# CVTS/VVT



## SHIFTVAX (Jan 15, 2006)

What's the difference between CVTS and VVT and what makes one better than the other?


----------



## WoLfFaNgZ (Nov 8, 2004)

CVTS isnt that a transmission, Continuosly variable tansmission in the murano .And isnt VVt like hondas vtec?


----------



## V_Spec (Nov 2, 2005)

you mean , difference between CVTS and VTC? 

a said above CVT- continuosly variable transmision .
VTC - Variable valve Timing Control , is more like Toyota`s VVTi , it just adjust the timing at low RPM`s to get advantadge of torque , like moving in traffic for an example.


----------



## SHIFTVAX (Jan 15, 2006)

WoLfFaNgZ said:


> CVTS isnt that a transmission, Continuosly variable tansmission in the murano .And isnt VVt like hondas vtec?
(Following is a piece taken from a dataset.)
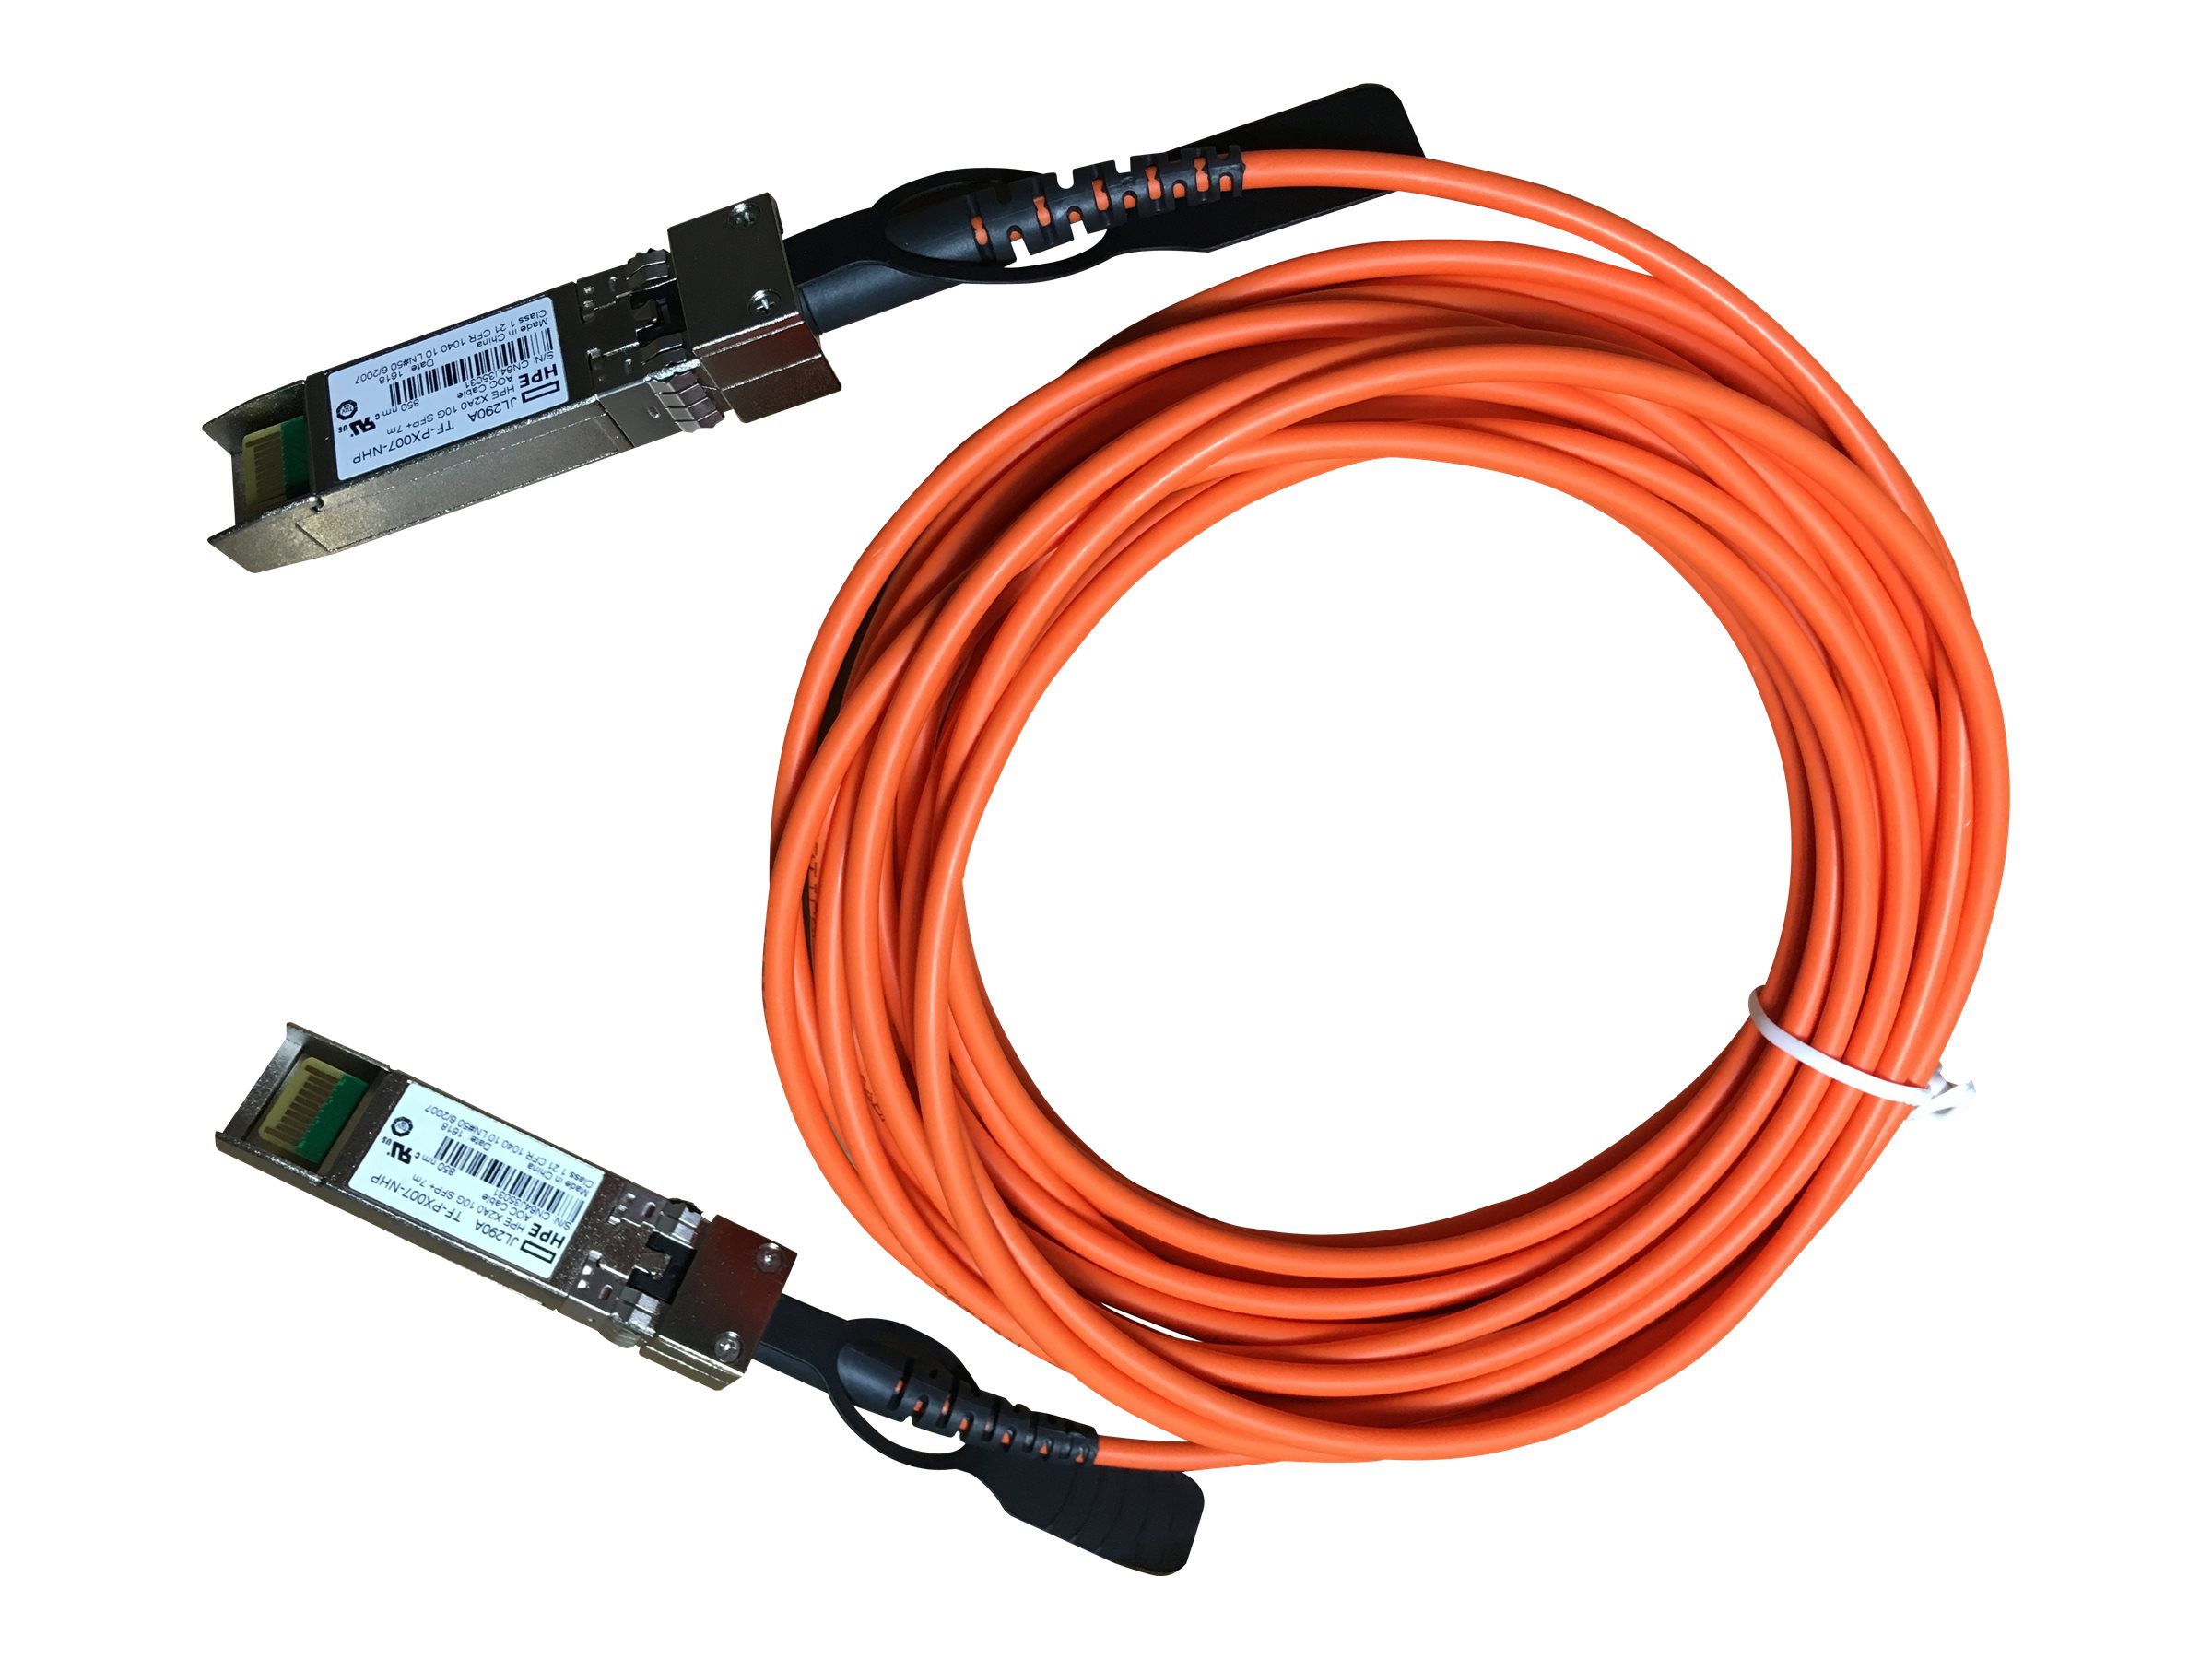 HPE X2A0 10G SFP+ 7m AOC Cable (JL290A)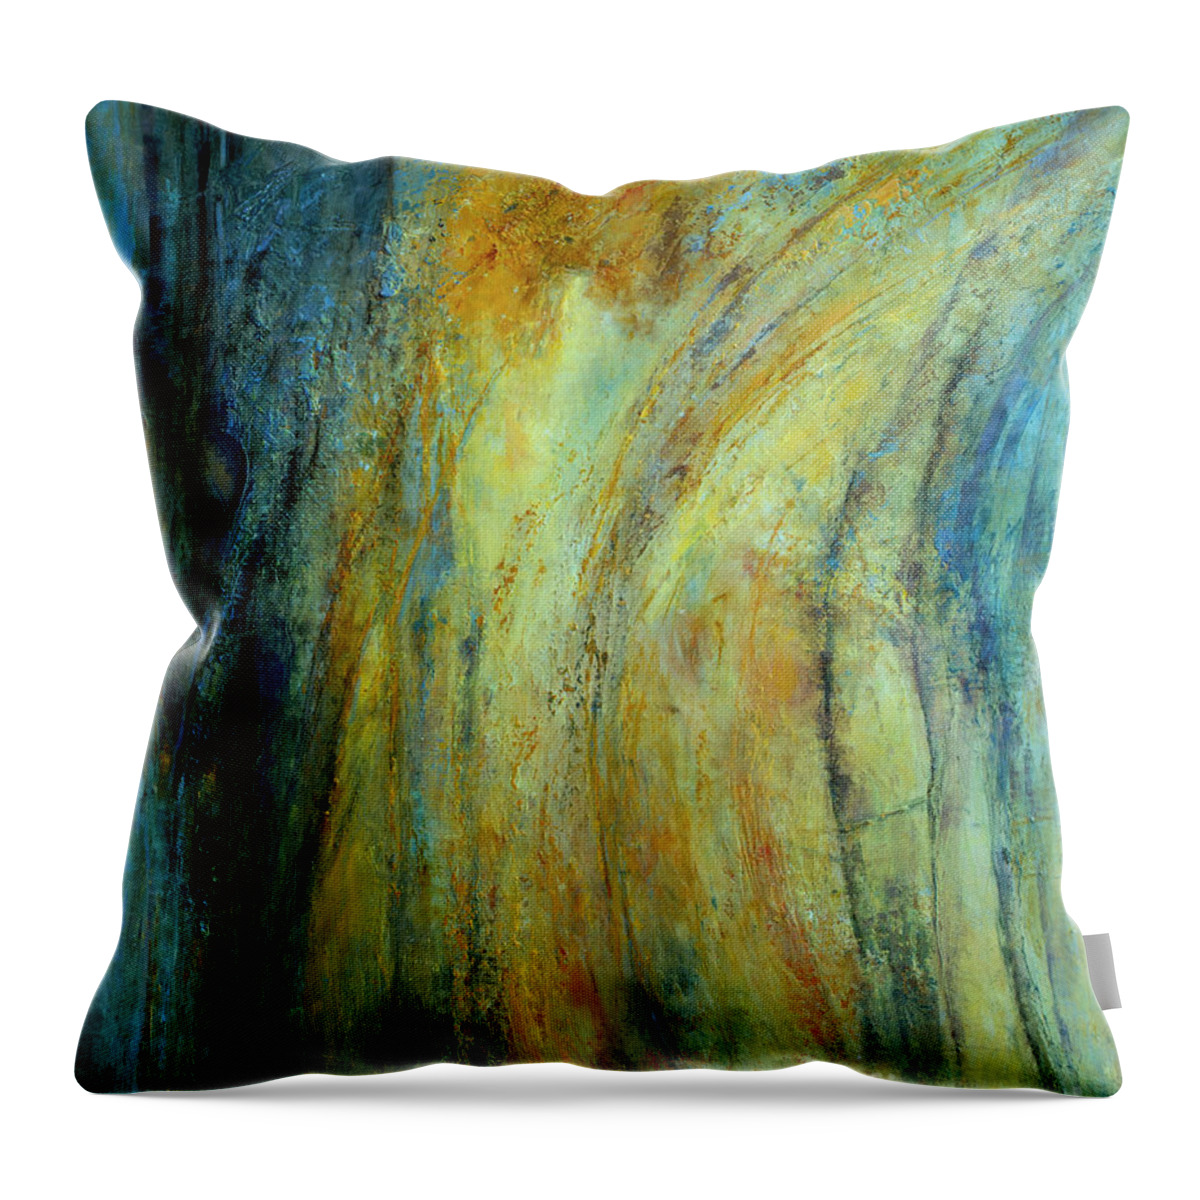 Abstract Throw Pillow featuring the painting Balancing Act by Valerie Travers

I'm sorry I meant the difference between Continuous Variable Valve Timing and Variable Valve Timing Systems.


----------



## Char (Jun 16, 2005)

For the most part its just on how you say it... what you should really look at is the system itself, not the term. Take Honda's and Nissans VVT (using them as an example because they are two different systems.. and really the only I know ^-^ for example, Honda's V-TEC ingadges at a specific RPM depending on the motor and setup. It switches to larger lubes for the valves, effectivly changing their open and close times. Nissans.. as far as I know, is basically the same thing, but the computer is constantly adjusting it for the best at any given time, not just at a set RPM.

Anyone correct me as they wish.. this is just what Ive gathered from talking to people about VVT.


----------



## orochipower1118 (Jan 19, 2004)

Actually Honduhs V-Tec is is more like this:

when rpms hit a limit cheese is dropped and activates the mouse on a twin ball bering wheel. and makes the car go faster


----------



## stevja1 (Jan 25, 2004)

I've always wondered about that.... ^^^^^ I guess that's why they get the good mileage.

I think Honda's VTech has one switch point. I'll have to go look in my manual again for my Accord.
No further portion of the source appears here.